Траектории трассирующих пуль, летящих со всех сторон, создавали светящийся купол под небом. Это казалось бы красиво, если б не было так страшно.
Немцы в эту первую ночь спускали осветительные ракеты. Они долго держались в воздухе, и было очень светло, и немцам хорошо были видны объекты, которые они хотели бомбить. Но и их самолеты были видны нашим зенитчикам. В эту ночь было сбито много немецких самолетов”.
После этого бомбы сыпались на столицу почти еженощно. Во время воздушной тревоги одни торопились скрыться в бомбоубежищах, другие лезли на крыши домов, чтобы в случае попадания “зажигалки” обезвредить ее, сбросив в специально установленный на чердаке ящик с песком.
Я мало что понимал, но бомбежки боялся. Помню, как мы бежали с Майей под вой сирены прятаться в убежище около Большого театра.

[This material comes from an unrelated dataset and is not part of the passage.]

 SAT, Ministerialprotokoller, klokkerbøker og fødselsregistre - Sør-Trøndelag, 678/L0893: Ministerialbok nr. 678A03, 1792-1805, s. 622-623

Она держала меня за ручку и спрашивала: “Ты не боишься?” На что я отвечал: “Совсем не боюсь, вот только бородочка трясется…”
Во время третьей бомбежки Москвы, как я уже писал, погиб мой дядя Нуля, Эммануил Мессерер. Это случилось в ночь на 24 июля 1941 года. Проводив с Павелецкого вокзала в эвакуацию в Кинель-Черкассы под Куйбышевом своего семидесятичетырехлетнего отца, жену и сына, он вернулся домой на Садовую-Кудринскую. Когда началась бомбежка, Нуля бросился с товарищами на крышу гасить “зажигалки”. Его последними словами были: “Эту войну нам не пережить”. Так оно и случилось. На дом упала фугасная бомба, превратив его в развалины. От всего дома остались стена и комната, в которой жил Нуля с семьей. Уцелел даже рояль “Бехштейн”, приобретенный в рассрочку. От осколков его закрыла дверь, прилетевшая во время взрыва из коридора.

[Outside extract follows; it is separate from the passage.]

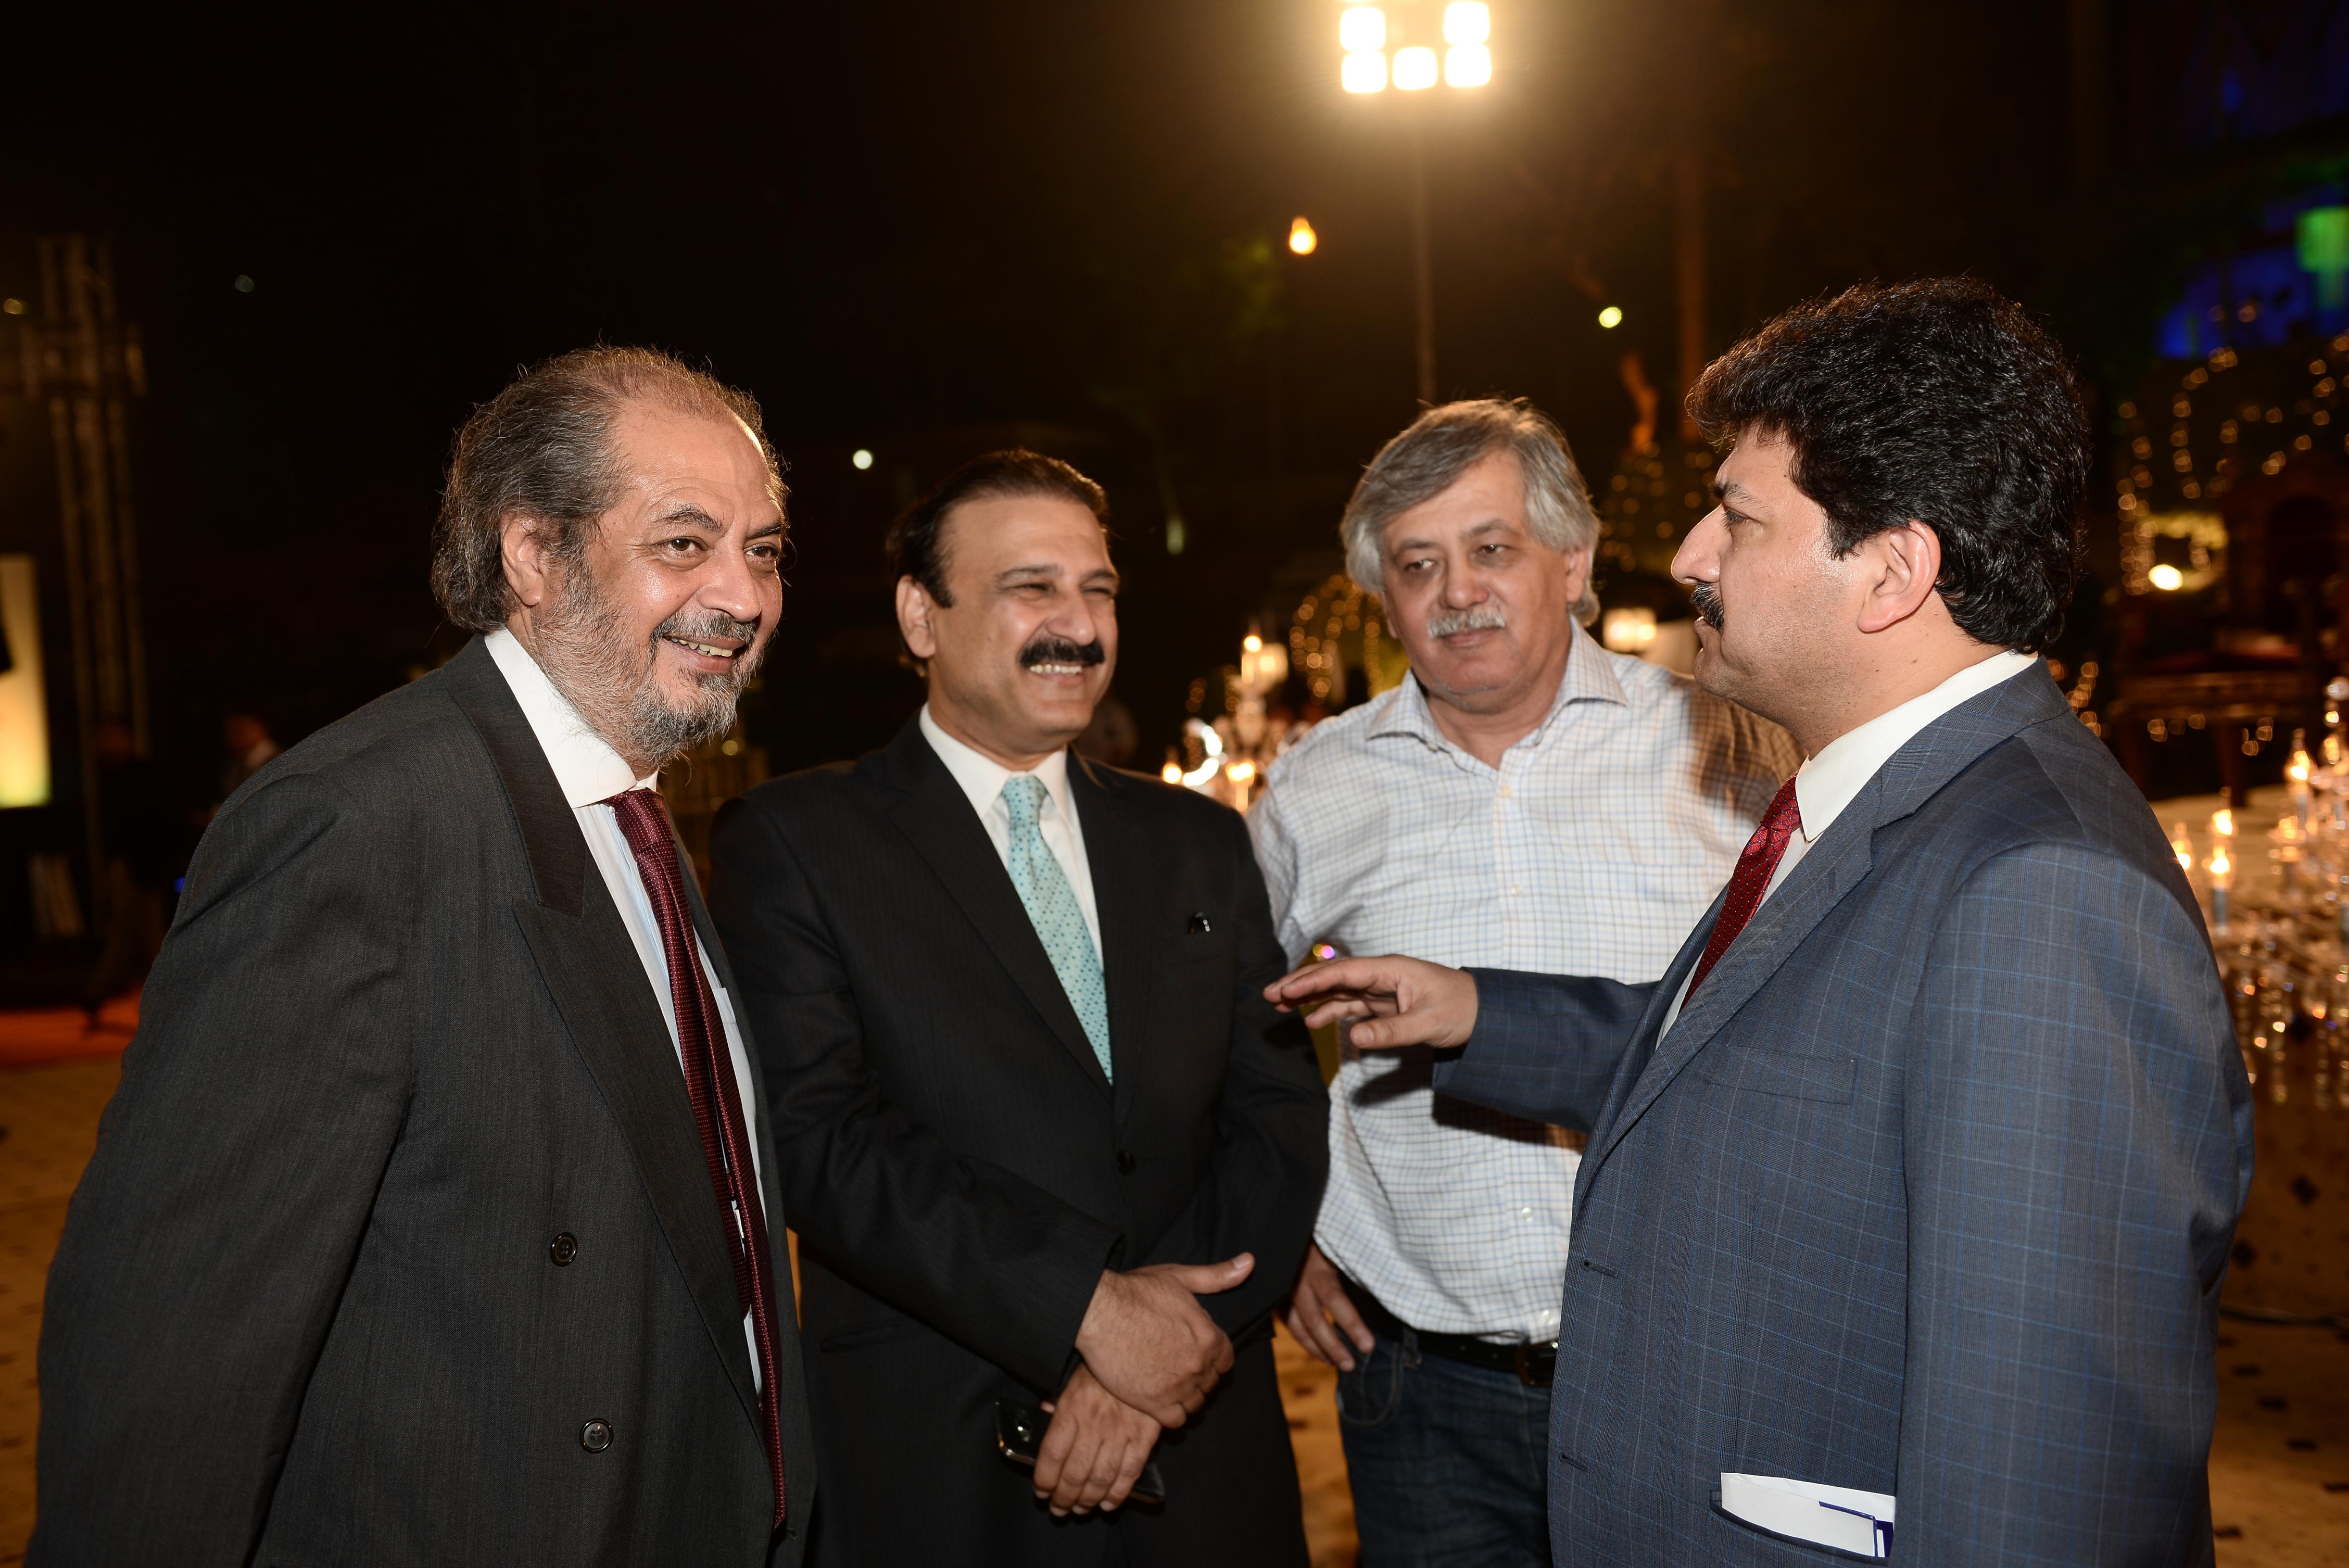 Dr. Shah, Dr. Butt & Hamid Mir

В силу детского возраста я не мог тогда оценить весь ужас происходящего, да и многому не был свидетелем, поэтому снова обращусь к дневникам дяди Нодика.
Из неопубликованных воспоминаний Александра Михайловича Мессерера:
“Мы с Асафом и рабочими раскапывали завалы. Откопали много трупов. Один запомнился на всю жизнь – у него череп был расколот пополам, как арбуз.
Наконец, на третий день, среди мелких камней появилась кисть руки. Я узнал руку Нули. Я ее очень хорошо знал, она похожа на мою. Стал разгребать и откопал руку до локтя. Я поднял ее. Больше я ничего не мог делать. Дальше стали разгребать рабочие.
Быстро откопали все тело Нули. Узнать его было невозможно. Костюм – его. Во внутреннем кармане пиджака – его паспорт. Тело отнесли в стоявшую все эти дни машину для перевозки больных. Оторванную руку я нес отдельно. Нуле было тридцать лет”.